ゑゐりあん/氷原 > うん。そうだね(彼女の後をついてゆき、一緒に果物を冷やかすことにしようか。…みかんを魔術で冷やして食べるとおいしいかもしれない)みかんは小さい頃によく食べたからね。うちの地元は寒い場所だったからみかんが良く採れてね。それで好物になったってのもあるけど、それ以上に懐かしいんだ(いわゆる故郷の味。故郷の名産品はまた別にあるが、それでも懐かしいことに変わりはない。風邪で寝込んでいた時のこと、両親や兄弟が料理と一緒にみかんを運んできてくれて一緒に食べていた。一緒に食卓でご飯を食べれない氷原にとっては、そういった時間が数少ない家族団らんだったのだ。そんなことを思い出しつつ彼女の後をついてゆくと、とある露店の前に止まり店主にさくらんぼを一袋注文した。きれいな赤いさくらんぼ。さくらんぼも大好きだ。金を払い、袋と釣銭を受け取った篠は氷原に袋を渡してきた)食べていいの?(だが、断る意味もないしなんなら今食べたい気分だったのだ)   (3/22 21:44:05)
ゑゐりあん/氷原 > …じゃぁ遠慮なく(そういって袋からさくらんぼを一つ手に取り口に運ぶ)…ん、甘い(甘さの中に仄かな酸味を孕むさくらんぼ。ただただ甘いだけでは感じられない味の深みが、酸味があることでよくわかる。そうしてさくらんぼの果実を食べ、持参したちり紙に種を吐く。そしてちり紙を丸め再び懐に戻して笑顔を浮かべる)ありがとう、とてもおいしいよ。篠さんも食べてよ。篠さんが買ったんだから篠さんが食べなきゃ(今度は氷原が篠に袋を渡す)   (3/22 21:44:07)

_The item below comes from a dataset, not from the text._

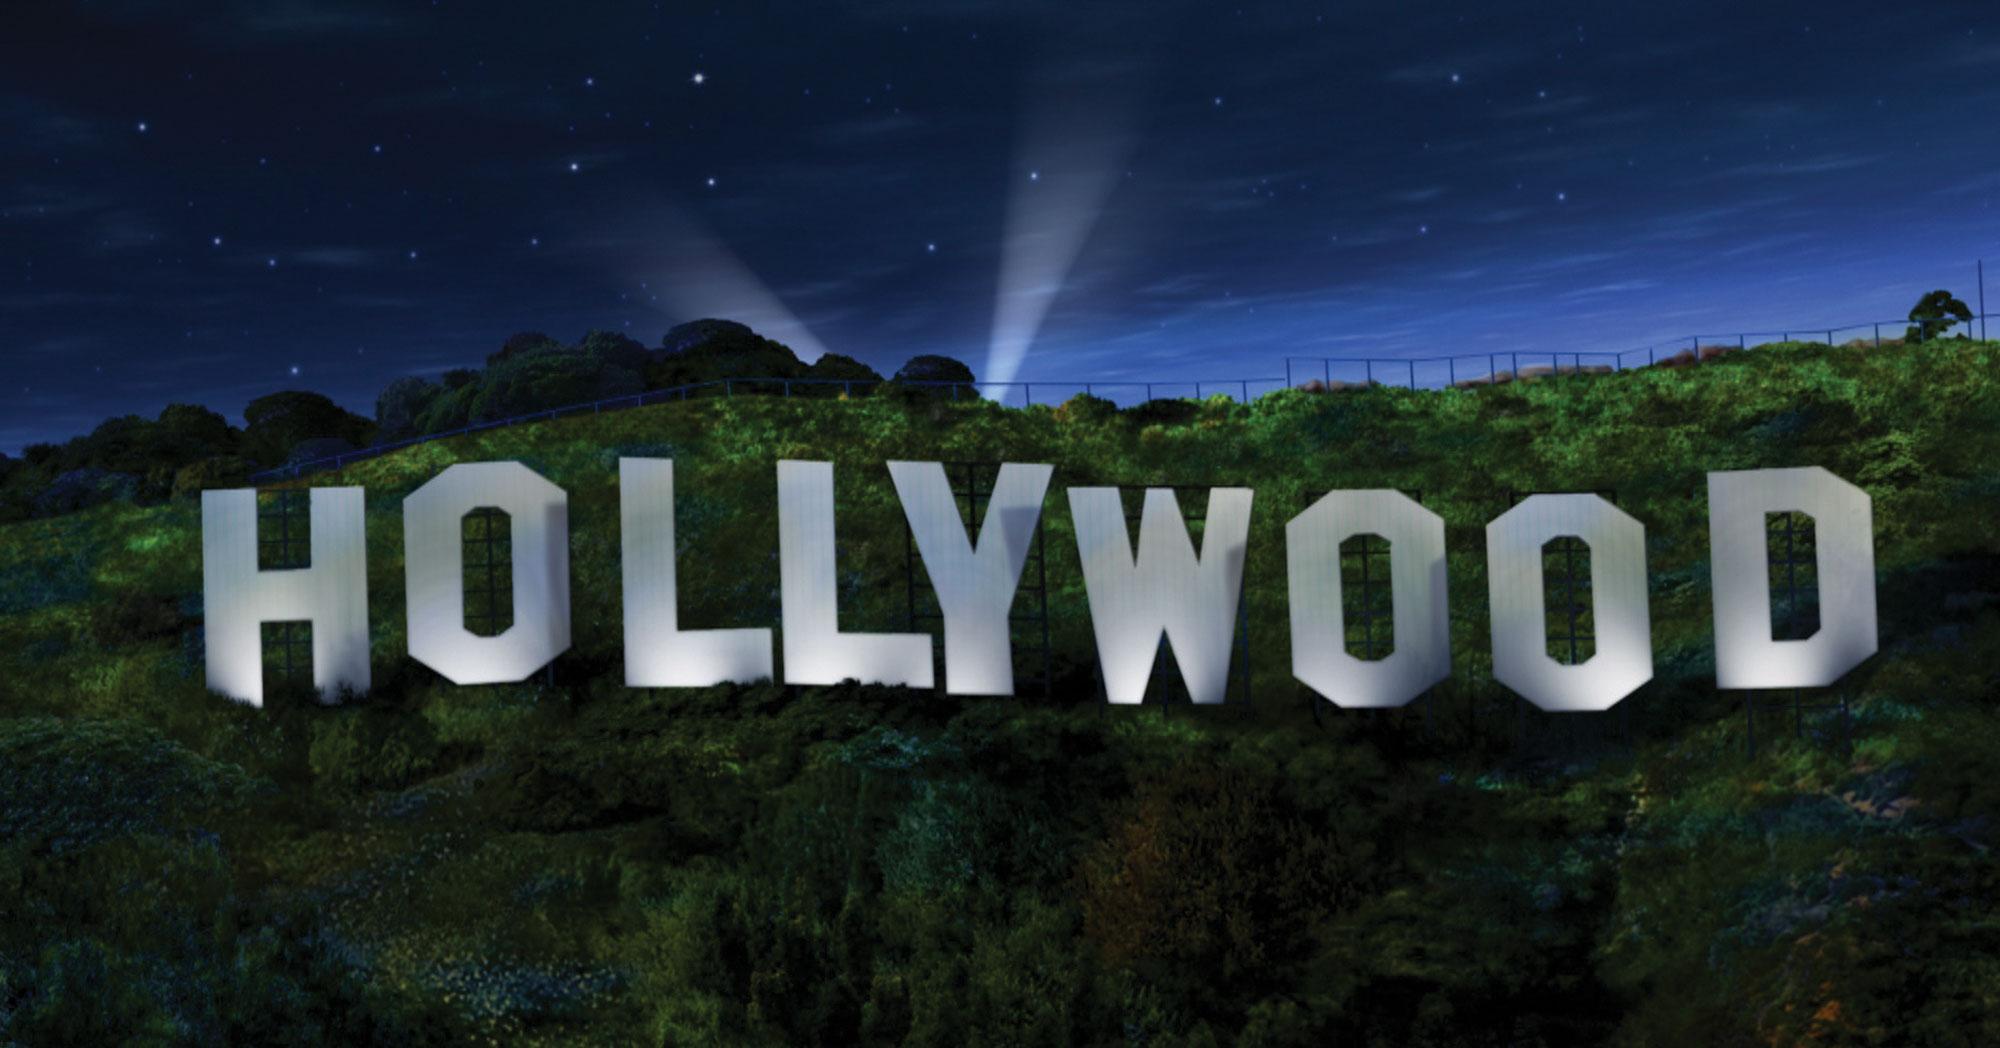 stockton symphony presents pops 3 hollywood hit parade events
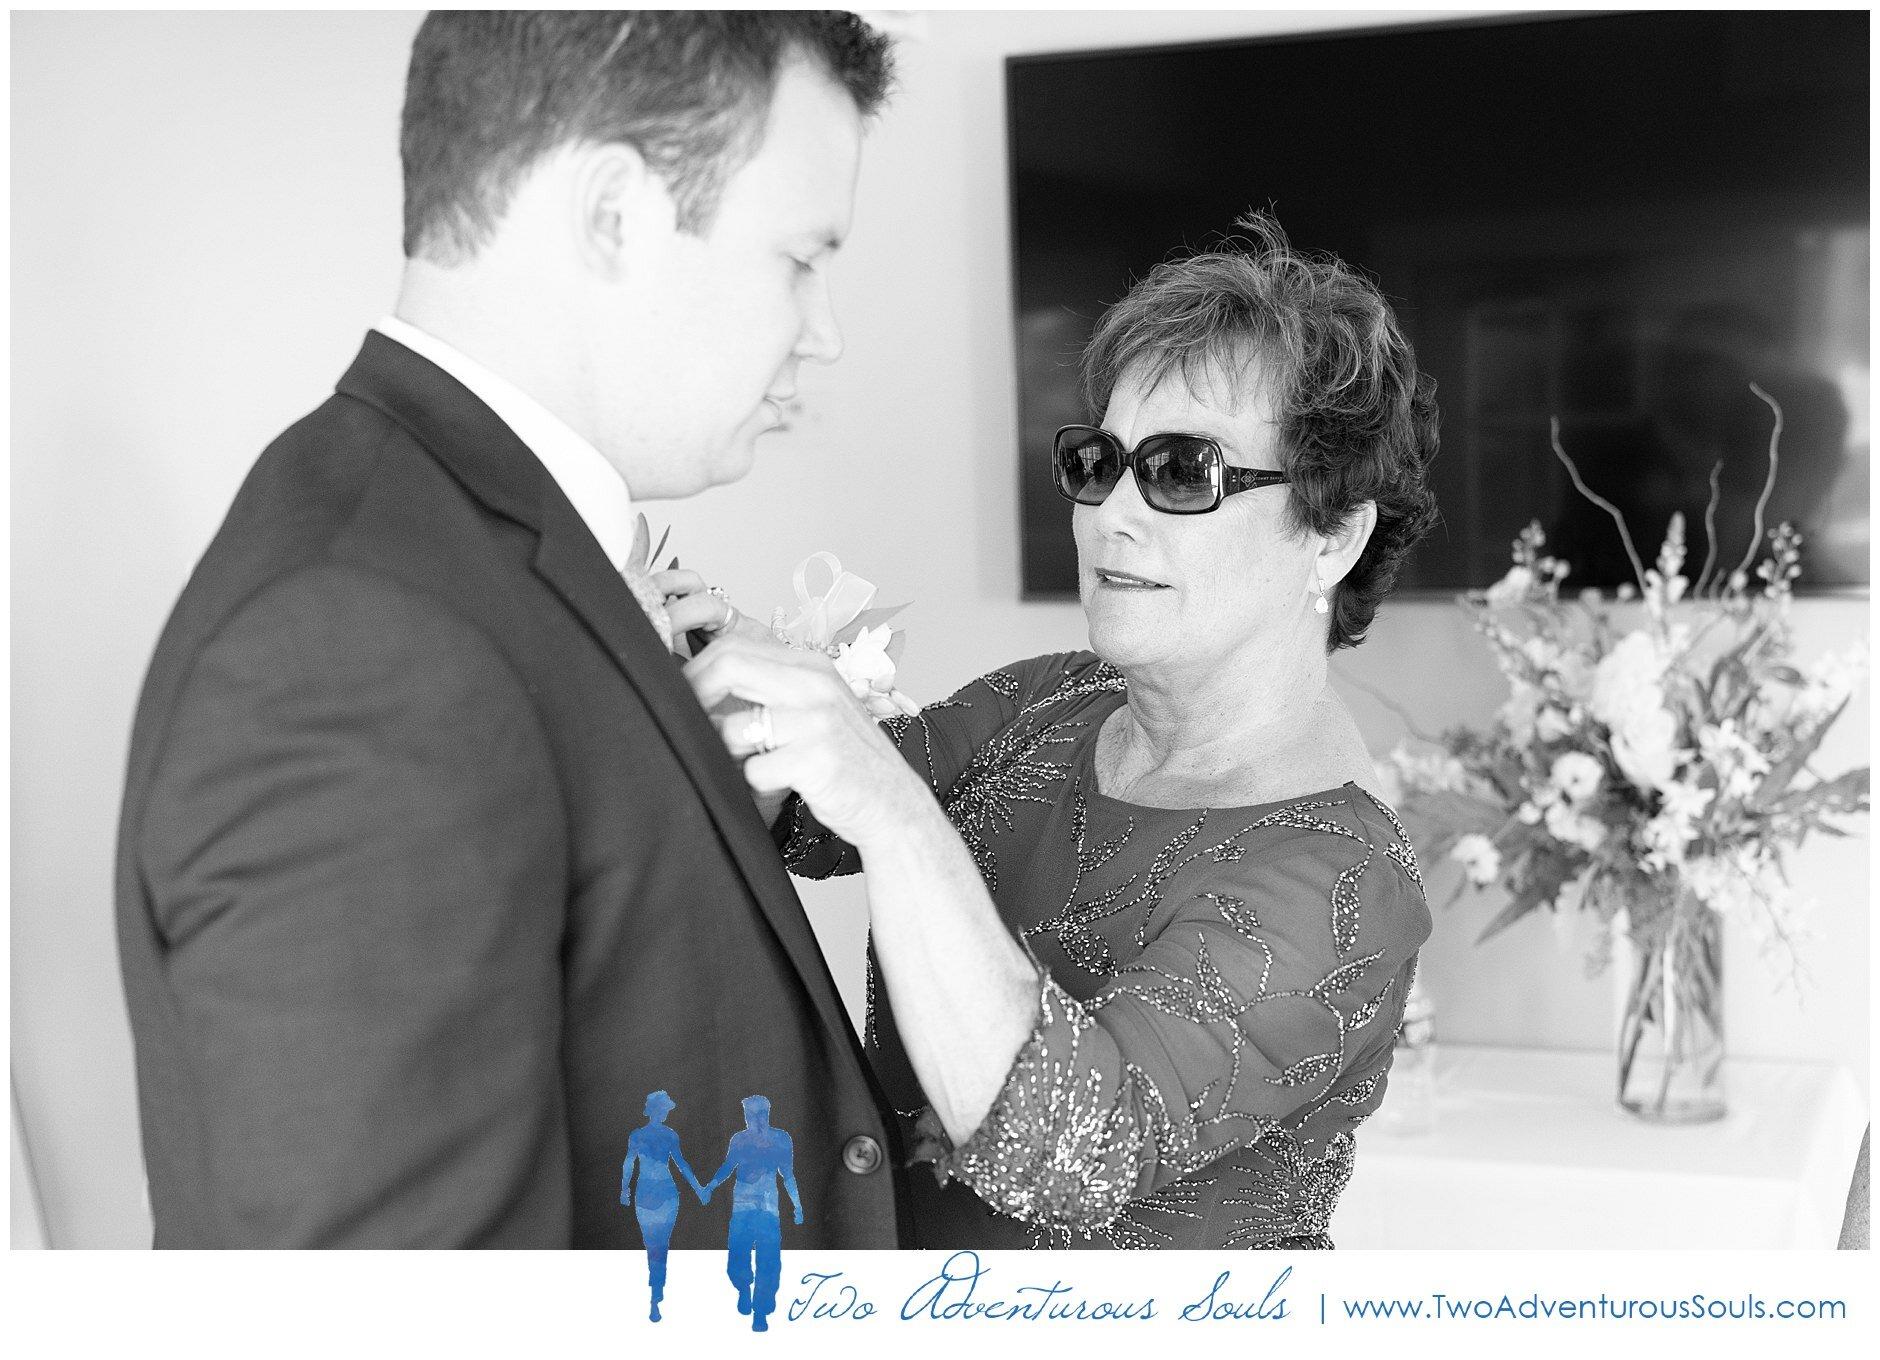 Breakwater Inn and Spa Wedding Photographers, Kennebunkport Wedding Photographers, Two Adventurous Souls- 092119_0011.jpg

マリア/篠 > (さくらんぼを食べ、お礼を言う氷原少尉は舞台役者顔負けの端麗な容姿に似つかわしくない、なんと気取らない人であろうか。勧められるままに篠もさくらんぼを口にする。ぎゅっと甘さの詰まった瑞々しい味が春らしくて、やはりその美味しさを分かち合いたいと思う人の顔を思い浮かべるのだった。)「うんめかですねぇ。……あ、種飲んでしもた!あははは……」(気取らぬ氷原少尉と、飾り気のない篠の間には平和そのものといった空気が流れる。ここのさくらんぼは当たりだったから、みかんもきっと美味しいだろう。そのまま座り込んで隣の箱にあるみかんを物色しながら、選び方を少し指南して差し上げることにした。)「みかんはですね、手に持った時にずっしりと重う、きめの細けもんを選ぶと良かですよ。そいからヘタが大きかもんよりは小せもんの方がよかごたです。……良いみかんじゃ。ここのにしもそんか、私も誌洲先生に買うて行っじゃ。」   (3/22 23:47:46)
マリア/篠 > (今日のことを取り計らってくれたのだし、土産くらいおかしくはないだろう。そう決めるとまた竹籠から財布を取り出し、金を払った。誌洲先生といえば、氷原少尉は何と言われて此処にきたのだろうという事が気になってきた。よくわからないとは言っていたけど、そんなことってあるんだろうか……。)「あの……そういえば少尉は……先生に何と言われていらしたとですか?言われるがままっちゆても……何も聞かずに篠と会うてこいとか言われたとですか?」   (3/22 23:47:51)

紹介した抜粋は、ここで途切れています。